Zarr Visualization Report

Methods and benchmarks for visualizing Zarr

This site documents different approaches and benchmarks for zarr visualization. If you use or create Zarr data and wish to visualize it in a web browser, this guide is for you. It describes the requirements for data pre-processing and chunking in order to support visualization through tiling server and dynamic client approahces.

Background + Motivation

Visualization is key to exploring and understanding Earth data. Web browsers offer a near-universal platform for data exploration. However, web users expect near instantaneous page rendering. The scale of geospatial data makes it challenging to serve this data instantenously as browsers cannot read, reproject and create image tiles fast enough for a good user experience.

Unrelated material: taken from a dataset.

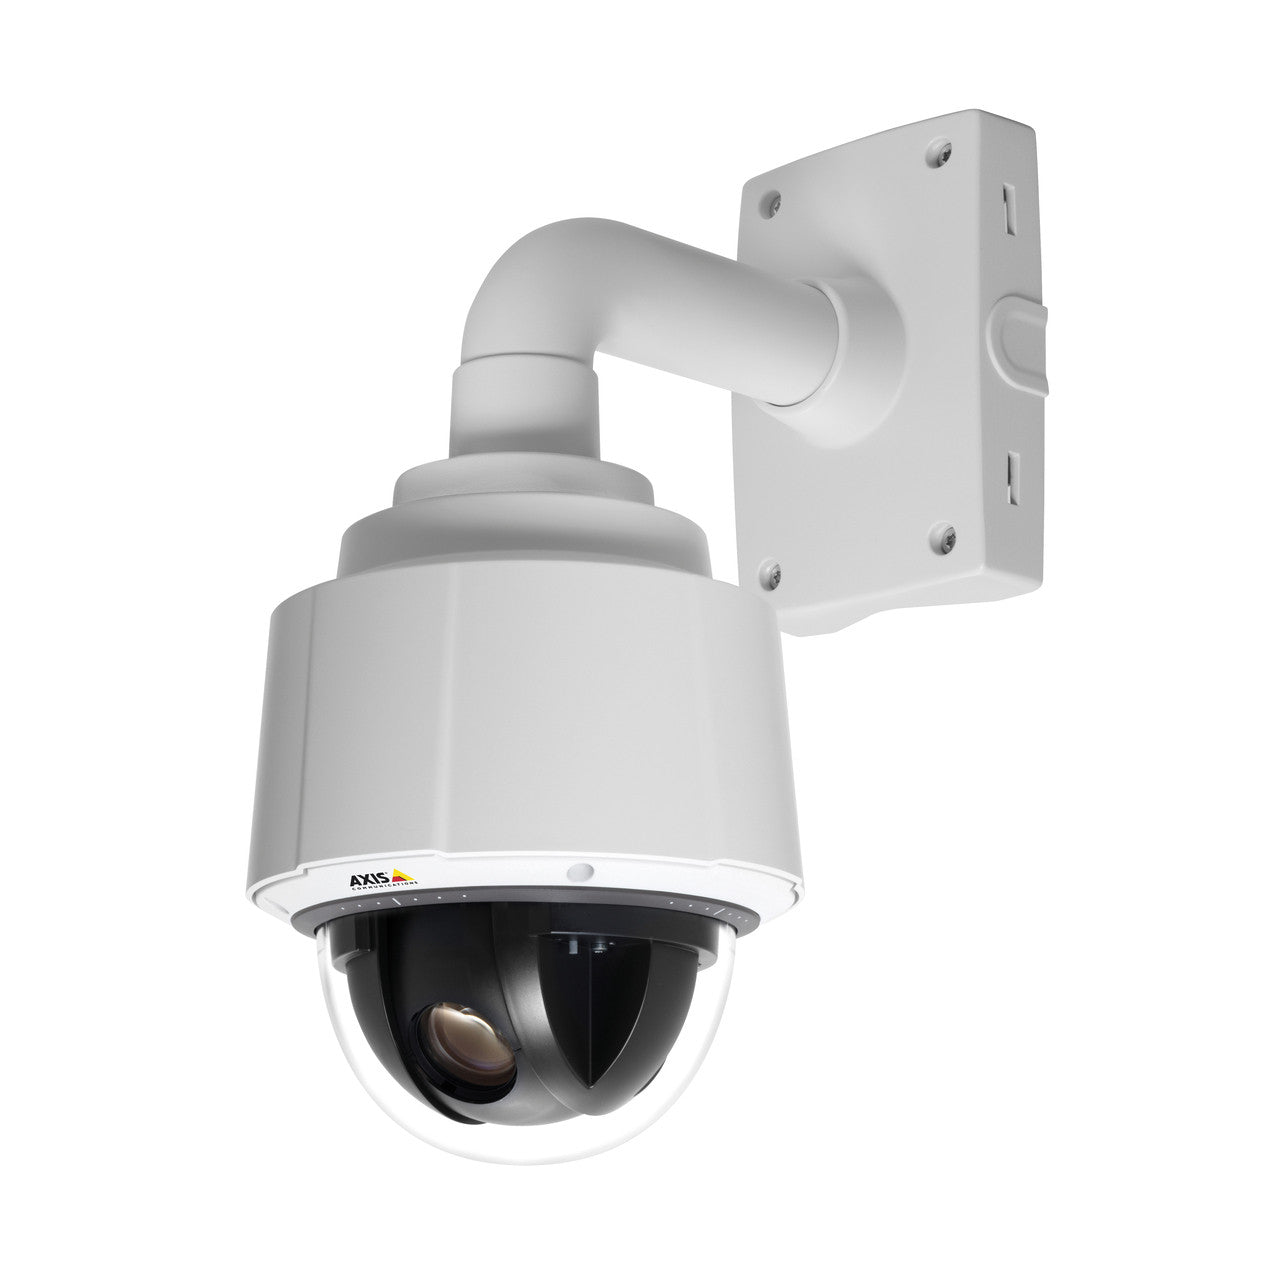 AXIS Q6045 with optional T91A61 Wall Bracket

Pre-generated Map Tiles - Drawbacks

The challenge of visualizing large geospatial datasets led to the development of pre-generated static map tiles. While pregenerated map tiles make it possible to visualize data quickly, there are drawbacks. The most significant drawback is the data provider chooses how the data will appear. Next generation approaches give that power to the user. Other drawbacks impact the data provider, such as storage costs and maintaining a pipeline to constantly update or reprocess the tile storage with new and updated data. But the user is impacted by having no power to adjust the visualization, such as modifying the color scale, color map or perform “band math” where multiple variables are combined to produce a new variable.

New Approaches

More recent years have seen the success of the dynamic tiling approach which allows for on-demand map tile creation. This approach has traditionally relied on reading data from Cloud-Optimized GeoTIFFs (COGs). When the Zarr data format gained popularity for large-scale N-dimensional data analysis, users started to ask for browser-based visualization. The conventional Zarr chunk size stored for analysis (~100MB) was acknowledged to be too large to be fetched by a browser.

Now there are two options for visualizing Zarr data: a tile server and dynamic client. rio_tiler’s XarrayReader supports tile rendering from anything that is xarray-readable. This means a tile server can render tiles from Zarr stores as well as netCDF4/HDF5 and other formats. However, a tile server still requires running a server while the second option, “dynamic client”, reads Zarr directly in the browser client and uses webGL to render map tiles.

Goals

This report will describe these two approaches. We will discuss the tradeoffs, pre-processing options and provide performance benchmarks for a variety of data configurations. We hope readers will be able to reuse lessons learned and recommendations to deliver their Zarr data to users in web browser and contribute to the wider adoption of this format for large scale environmental data understanding.